All three candidates accept the evidence that human activity is changing the climate. Battaglia, in classic Libertarian fashion, called for less government intervention and for freeing the market to address the issue. That includes abolishing the renewable fuel standard that helps prop up Iowa commodity prices and ending agricultural subsidies. Again, farmers and big agriculture won’t like that. Battaglia also was the only candidate to advocate hemp farming.

Both Democrats advocated reinstating the Iowa Climate Change Advisory Council to propose policies that would cut carbon emissions. McGuire adds that “the main barrier to any climate plan is political rather than technological” and pledges to push the issue.

There’s more, from how government can support scientists who speak unpopular truths to the role of science in setting policies for cannabis use and production.

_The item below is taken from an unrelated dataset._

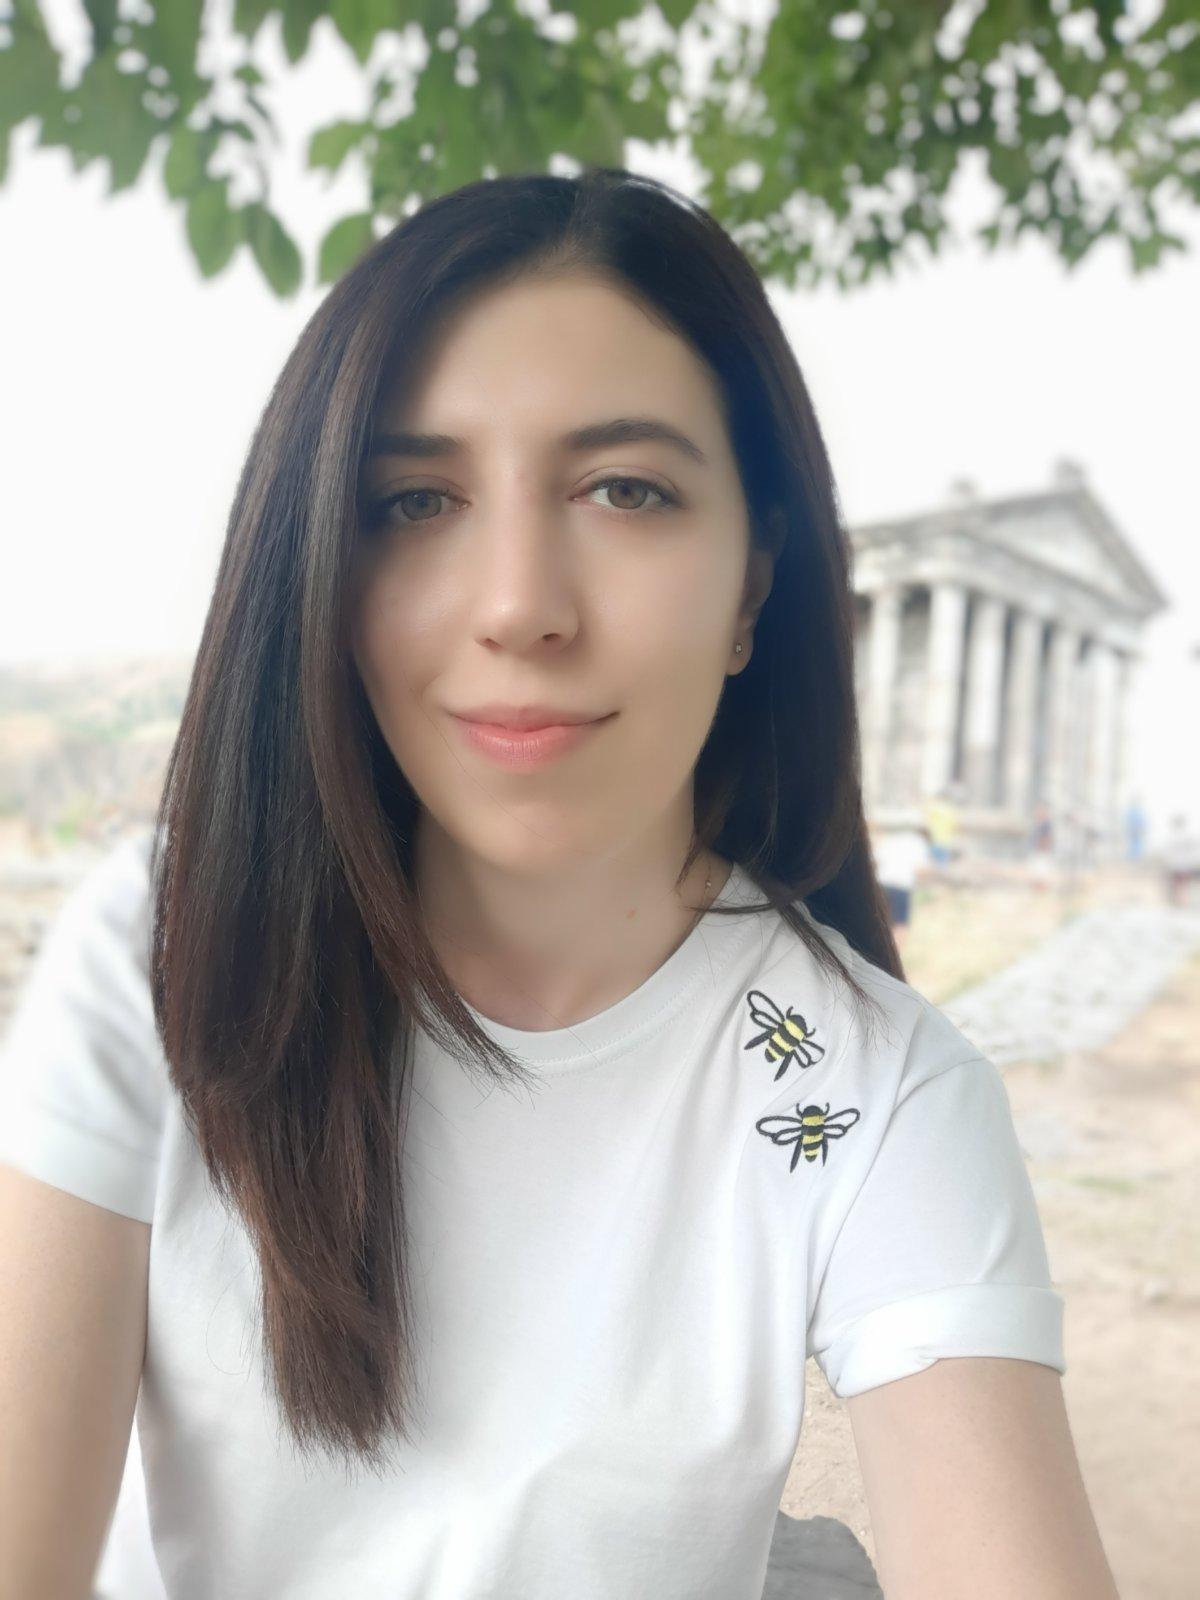 Lilit Kharatyan

I don’t know what it says about the Boulton, Glasson and McGuire campaigns that they responded to the questionnaire. I’d like to think it’s because they see science as an important part of their policies. But I suspect that it has more to do with how well organized they are or how much money they have. (On the other hand, Democrat Fred Hubbell’s campaign has the most money and he failed to respond.)

It’s unfortunate that so few candidates replied, because these are important questions. Science, research and evidence should be central considerations for any candidate or elected official, but they may not be unless voters demand it. That’s why the March for Science, nationally, and the Iowa organization are asking these questions. We’re at a disadvantage, however, as a small group fighting for attention.

The Libertarian and Green party candidates who responded have nothing to lose and perhaps have more time to reply. They also need all the attention they can get since the media typically give them little coverage.

Apart from Battaglia, the third-party candidates who responded were Libertarian Charles Aldrich, a Fourth District congressional candidate, and Paul Knupp, who switched from the Democratic primary to the Green Party ticket for the Third District.

Knupp, a minister and former hospital chaplain, supports water quality monitoring and research into solutions to Iowa’s polluted rivers and lakes. He cites his experience helping found the Iowa Green Party 34 years ago and noted that its members tested Iowa City’s water supply and released the results. He wants to ban concentrated animal feeding operations and rejoin the Paris Climate Accord, which the Trump Administration rejected. (Glasson also supported this.)

“We will set and cap emissions from factories and cars at levels scientifically recommended in the Accord,” Knupp writes – without even a trading system that allows factories to buy the right to pollute, a measure touted as using market forces to cut carbon emissions.

So, Knupp’s suggested approach relies heavily on regulation. Aldrich? Well, he has some rather different views.

On human-caused climate change? “This is a myth,” the industrial engineer from Clarion wrote. While his brief answers generally support science’s role, Aldrich pushes for cost-benefit analyses of nearly every policy and letting private enterprise provide solutions – if there’s public demand for them. Unfortunately, a hands-off market approach gave us polluted water and increased greenhouse gases. And it may be difficult to justify the short-term costs of reducing greenhouse gases against long-term catastrophic climate change predictions.

At least Aldrich’s answers won’t tax you. Most are one sentence and he didn’t answer the last five.